Quando você se vê novamente sozinho dentro de casa, depois de casar separar, casar separar, certas tarefas que antes eram feitas por alguém, agora não são feitas, se você não fizer. Desde a mais simples, lavar um copo ou cueca, até as que ficaram complexas como montar o seu saco de lixo.
Antes, acho que era assim, colocava-se tudo dentro do saco e alguém que levasse embora. Hoje, a pressão ecológica, cuidado com o meio ambiente, fez do lixo um momento de tensão, o quê com quê?
No início me socorri com o Google, aliás, grande companheiro, safo, sempre presente, sabe tudo. Composição esclarecida, agora era preciso memorizar os dias que o caminhão do lixo passava, para os meus hábitos não perderem a carona. Hábitos porque nosso lixo é um testemunho de consumo, e os lixeiros mais atentos passam a saber o que acontece dentro da sua casa.
– TV de LED, hein dotor, 46 polegadas??!! O senhor é chegado num suquinho!! Esse pró-seco deve ser muito bom, caro? Nada como um ar-condicionado nesta época!!
Depois que decorei os dias do caminhão, terça, quinta, sábado, parei de sair correndo alertado pelo barulho da chegada deles, coloco na noite anterior e pelo menos me poupo dos comentários do Sherlock de luvas.
Mas o fato de sempre eu ser o agente que dá o último nó no saco me fez parar, pensar e reverenciar este serviço que muitos nem se dão conta que tem. O que seria da nossa vida sem os lixeiros. Como é bom a gente ter alguém que pega nossas tranqueiras e dá um fim nelas, nosso único trabalho é juntar tudo num saco e deixar na porta de casa que eles se viram.
Lembro que uma vez peguei um 4 de julho com greve de lixeiros em Nova Iorque, a cidade virou um caos, foi a primeira vez que tive o impacto da falta deles.
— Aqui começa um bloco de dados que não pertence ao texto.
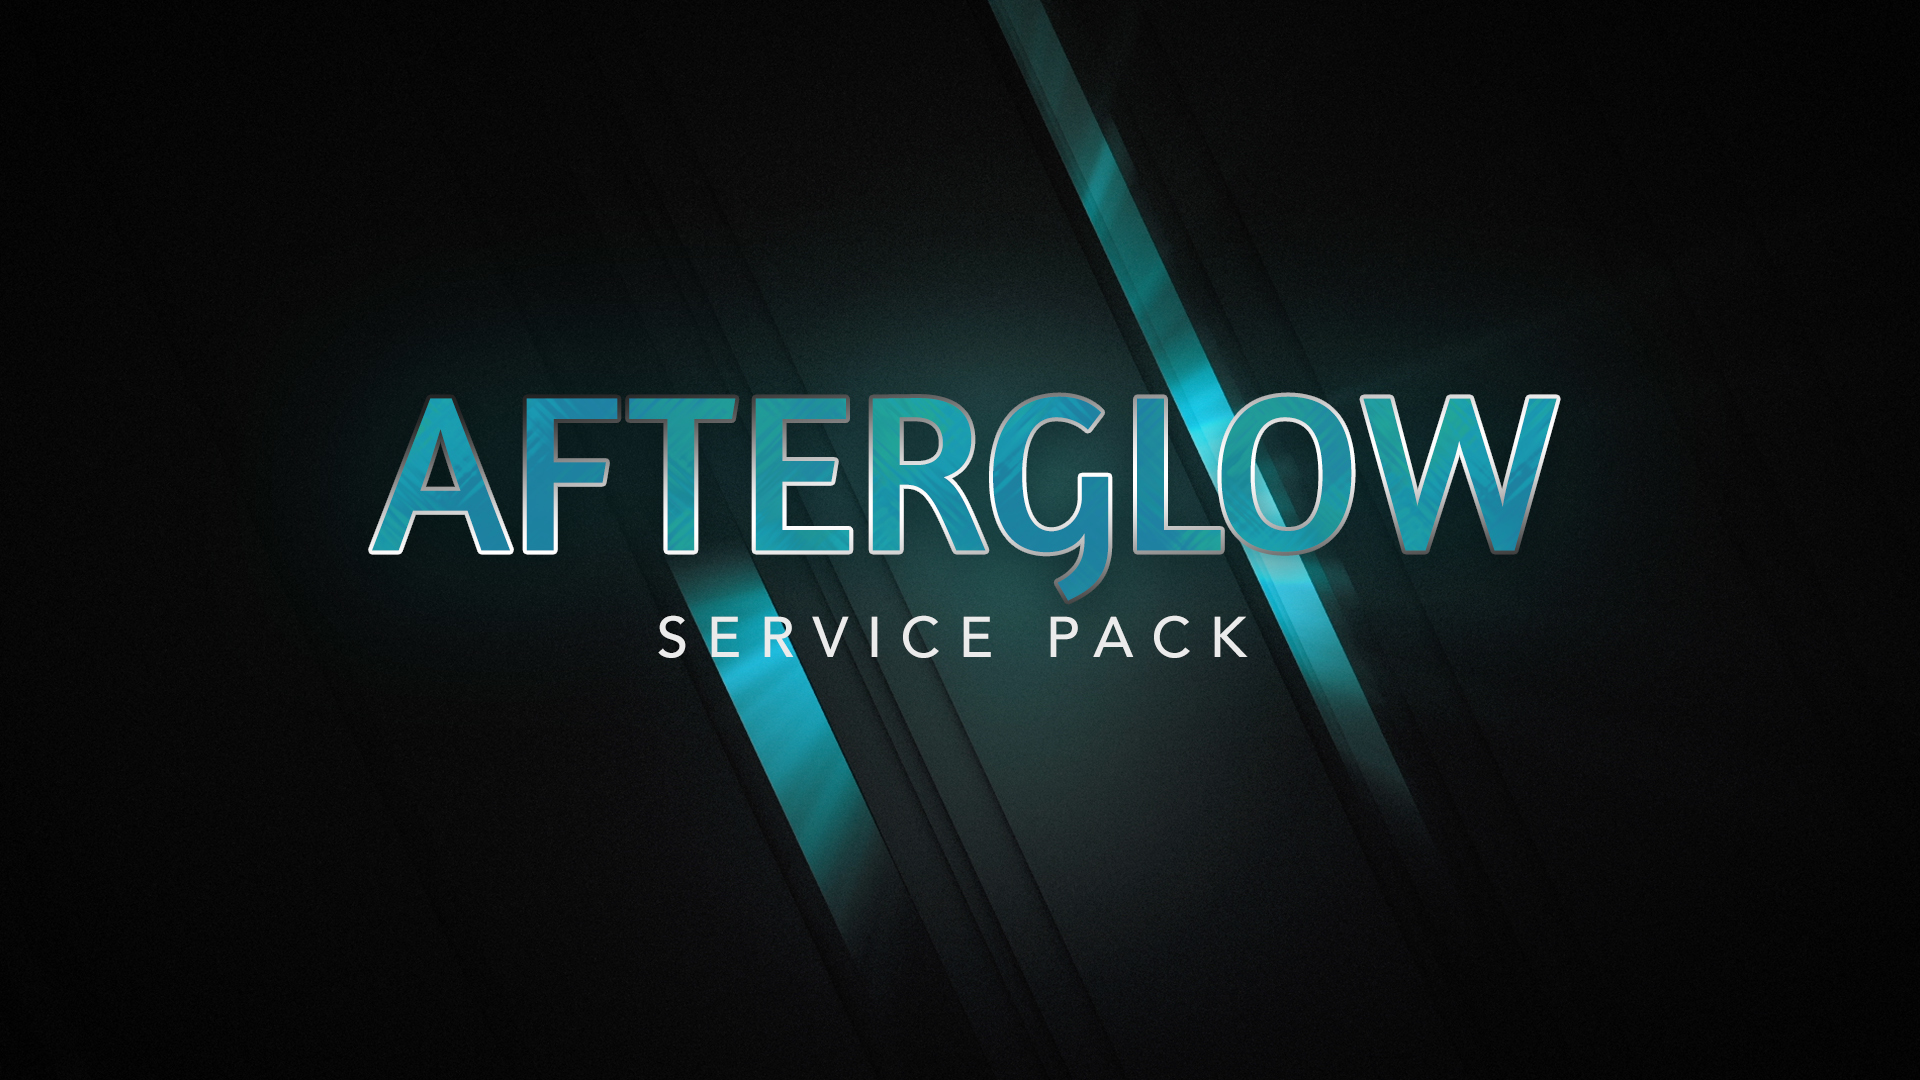 Afterglow Service Pack

As pesquisas falam que 70% das pessoas trabalham em atividades que não gostam, se fosse pesquisado só entre os lixeiros, certamente iria bater nos cem. Uma prova de que este mundo não foi formatado para uma sociedade igual, onde todos teriam as mesmas oportunidades e seriam felizes no que fazem. Quem iria querer ser o lixeiro do bairro?
A gente devia agradecer todo dia a presença de quem faz este serviço. E inspirado neles, começar a fazer este serviço em nós mesmos. Nossa produção de lixo pessoal tem aumentado a cada dia, e não estou falando de casca de banana ou lata de cerveja.
Essa correria do dia a dia, essa falta de tempo, paciência, solidariedade, está nos fazendo produzir lixos mentais, de atitudes que, por não jogarmos fora, por não termos um lixeiro a quem passar a bola, permanece com a gente. Mágoas, ressentimentos, mal entendidos, desamor, ódio, raiva, isso nos polui, envenena, e faz mal, a nós e a quem está em volta. É uma sobreposição de lixo compartilhado que não se vê, mas se sente.
O lixo de casa ainda tem quem leve, agradeça a ele.
O nosso lixo depende da gente identificar, juntar, embalar.
Difícil? Comece tentando monitorar suas reações, pensamentos, ajustar seus impulsos e jogue tudo de ruim fora. Se precisar, peça ajuda, todo mundo tem os seus lixeiros espirituais, que como os de rua, estão aí também para isso, peça e eles levam.
Ah, não se esqueça de agradecer também.